Stopping Chemo

ShellyF
ShellyF Member Posts: 2

Hi, my mum 63years old is currently going through hell.  She had her first chemo on the 26th March for invasive stage 3 breast cancer and hormone positive with lymph node negative.  Mum had a lumpectomy and surgeon said they got the lot but suggested she have adjuvant therapy - chemo, radiation and then HRT.

She felt good for the first 2 days and then pain, agony, fatigue and nausea, no taste buds, sore muscles and back pain she likened it worse than labour pains that came every 10 minutes.

5th April she woke up with sore throat, temp at high 36s, by 11am her temp had risen to 37.4, couldn't swallow, couldn't eat or drink, migraine headache. I called chemo unit at the hospital and was told to stop taking her temp for 4 hours and no pain medication for that time as well.  Took her temp 3 hours later and it was 38.3.  I drove her to hospital and she was immediately admitted in emergency. By that time her temp had risen to 39.4c, and she was tacycardic 119 beats, after they took blood and urine sample and 3 hours later found out her white cell count was completely depleted and she had severe tonsilitus. The nurses kept asking about where she had been and if anyone had a flu around her.  Mum had been home bound from the Saturday after her 1st chemo because she couldn't get any energy to go out and felt so sick.  She spent 3 days in hospital with 5 lots of antibiotics, endone every 3 hours for the pain of her headache and back aches,warfarin because they thought she had a blood blockage. Then they proceeded to give her a needle in the stomach to help boost the white cell count and informed us she would have to have one after every chemo treatment.

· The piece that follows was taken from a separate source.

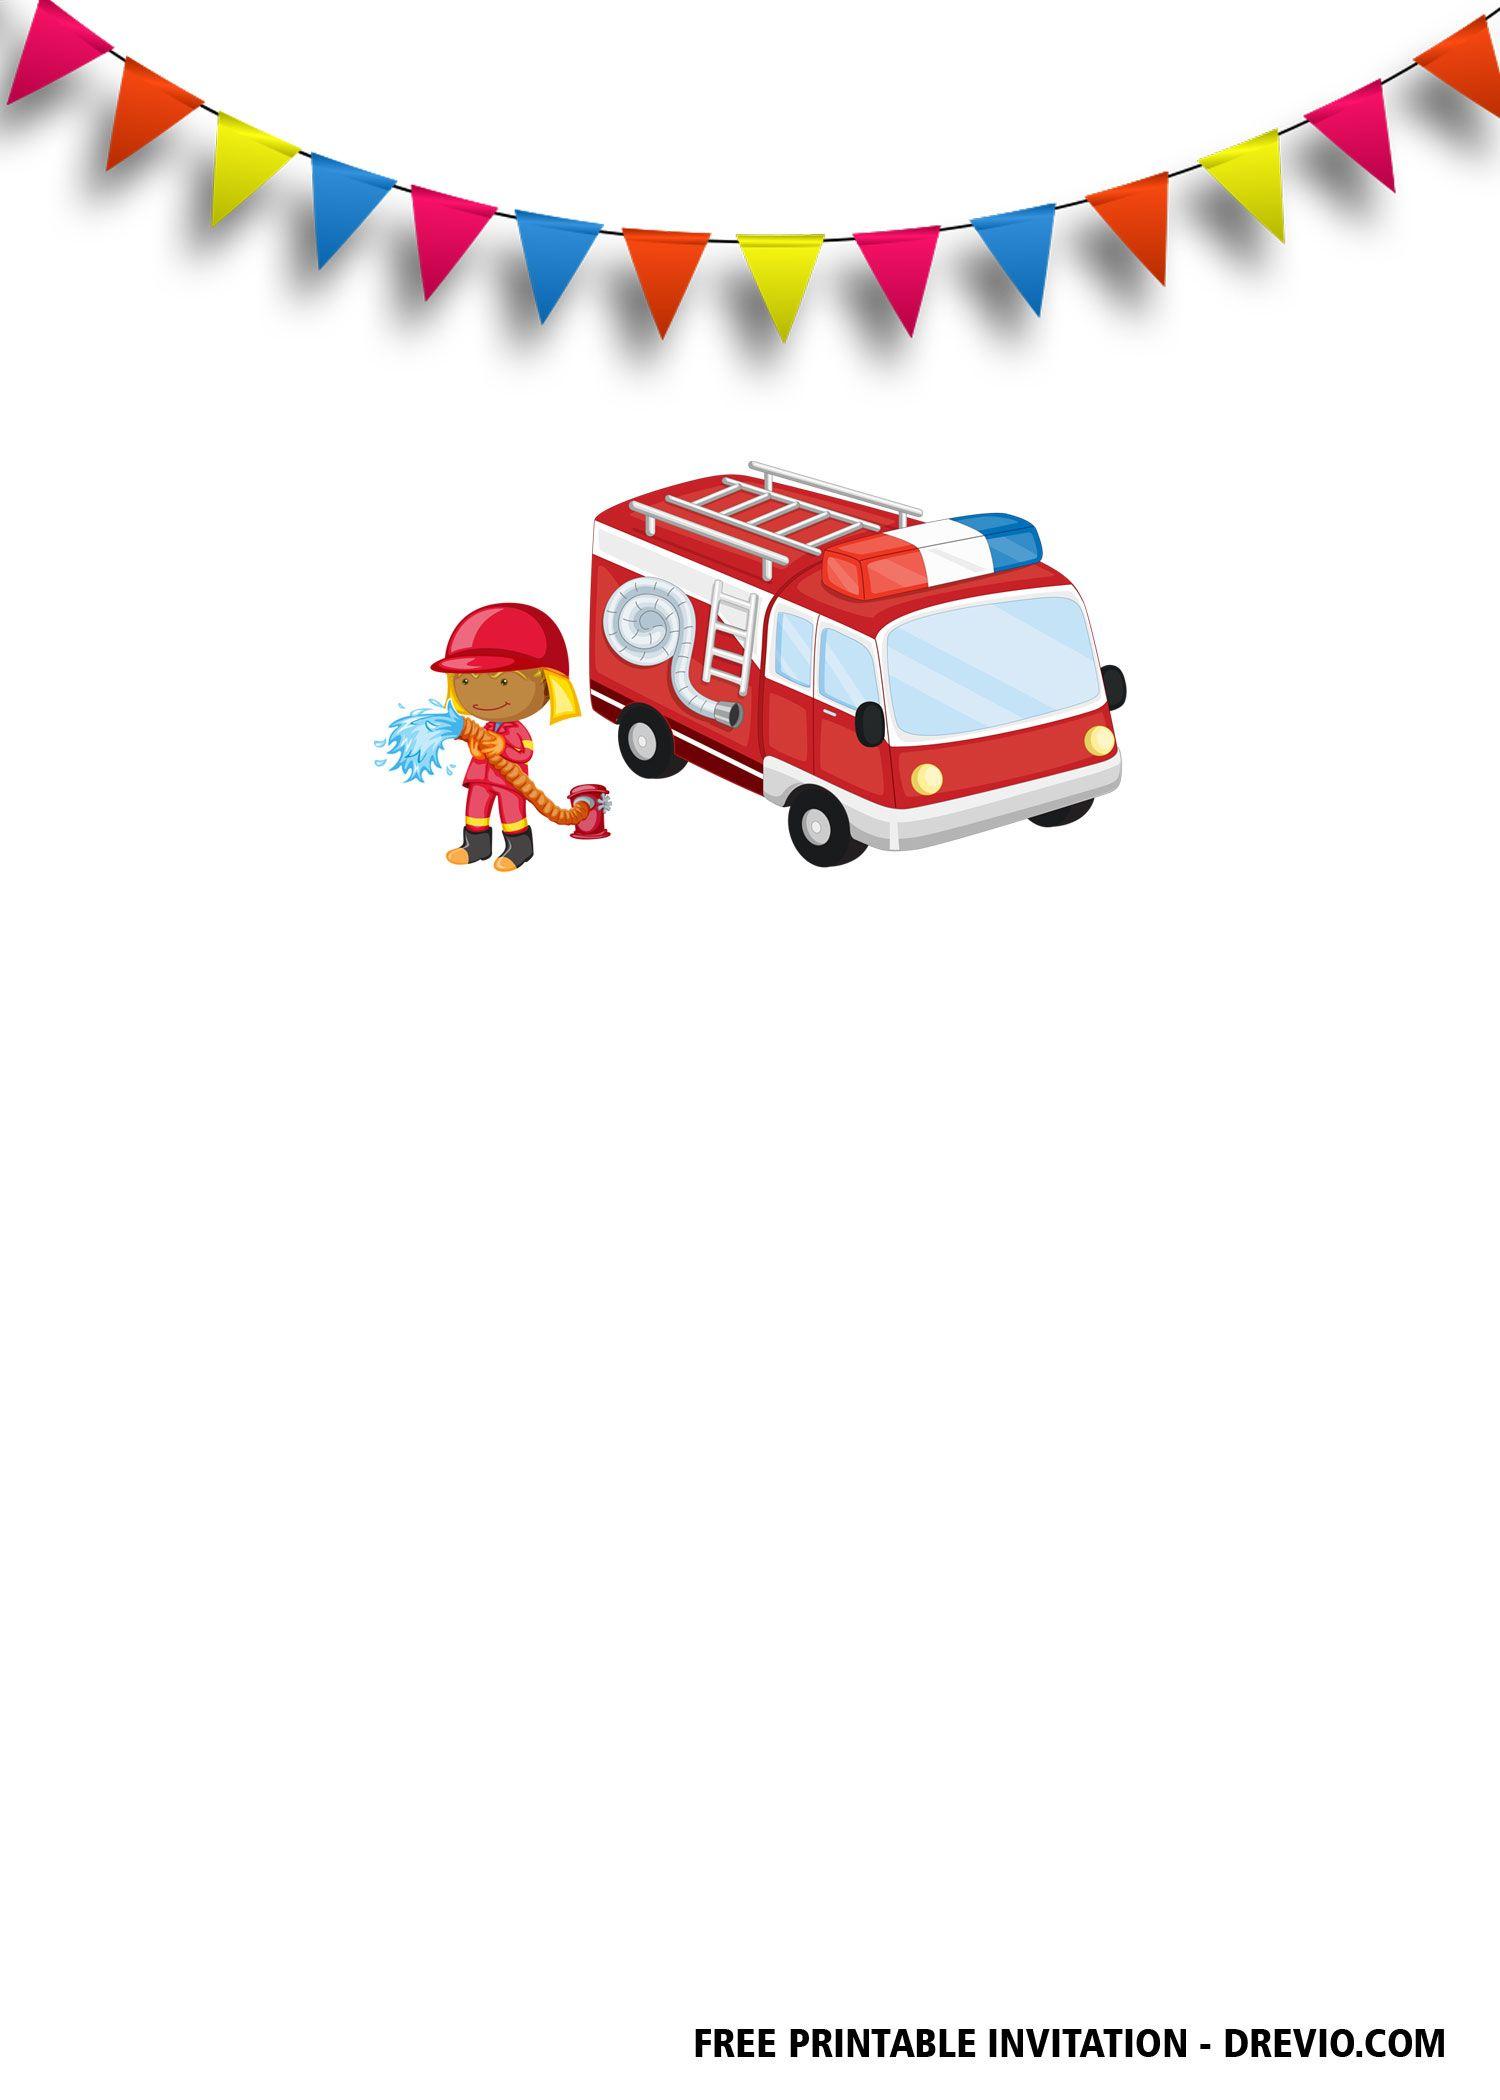 Free Fireman Birthday Invitation Templates Fireman Birthday Printable Birthday Invitations Free Printable Birthday Invitations

Mum has her next chemo this Wednesday and she wants to stop it. And just have the radiaton and HRT.

My question is can she do this, because seriously I don't think she will survive the chemo.

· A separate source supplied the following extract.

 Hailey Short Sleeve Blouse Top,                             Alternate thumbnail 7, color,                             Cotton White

Can anyone help or has anyone stopped chemo. 

Comments

  • Robyn W
    Robyn W Member Posts: 1,932
    edited March 2015
    Shelley,what a terrible experience for you and your Mum.I am 59 and had chemo last year.A lot of ladies on here have had their white cell count drop,and have been hospitalised on antibiotics.I would like to suggest,if your Mum doesn't mind,that she NOT stop her chemo without talking to her oncologist first.ALSO,I think you will find,that most of her feeling so dreadful,was because of the infection that she picked up,and not from the chemo.Now that she will be having the injection each round,she should avoid that problem again.The first round is always the toughest,because you don't know what to expect,and it was just pure bad luck that your Mum picked up an infection.The injection that they are talking about for your Mum is very common.I hope that some other ladies with experience of infection and hospitalisation will come on here and offer their advice to you and your Mum.Try to remember,that chemo is given for a good reason,and there are plenty of medications to stop the side effects of it.Hopefully your Mum will be a whole lot better the second round.Take care xoxRobyn
  • ShellyF
    ShellyF Member Posts: 2
    edited March 2015

    Thank you Robyn W, I am just worried that I have never seen Mum in so much pain in all my life, she's the rock in our family and has always been healthy, nothing ever keeps her down.  And to see her in so much pain and crying, which she rarely does in front of anyone is heartbreaking. Her hair has started falling out and she has no concentration whatsoever.  And she keeps repeating herself, 5 to 6 times a day on the same subject.  I live with Mum since her diagnosis to offer support and she is just so short tempered and irrational,  Is this normal, I have no idea.  Thank you so much for replying so quickly.  I hope everything is going well for you. x Shelly

  • yetbeung
    yetbeung Member Posts: 167
    edited March 2015

    The needle you mentioned to boost the white blood cells, I had that after every chemo also, and it gave me horrendous bone pain - honestly it felt like every bone in my body was broken. I was taking 2x Endone and 2x Panadol every 4 hours just to be able to get out of bed. The pain would start on usually day 2 after the injection and last til about day 5 or so. Thankfully I was given a heads up about the bone pain, not everyone gets it, but I was unfortunate enough to get it every time. 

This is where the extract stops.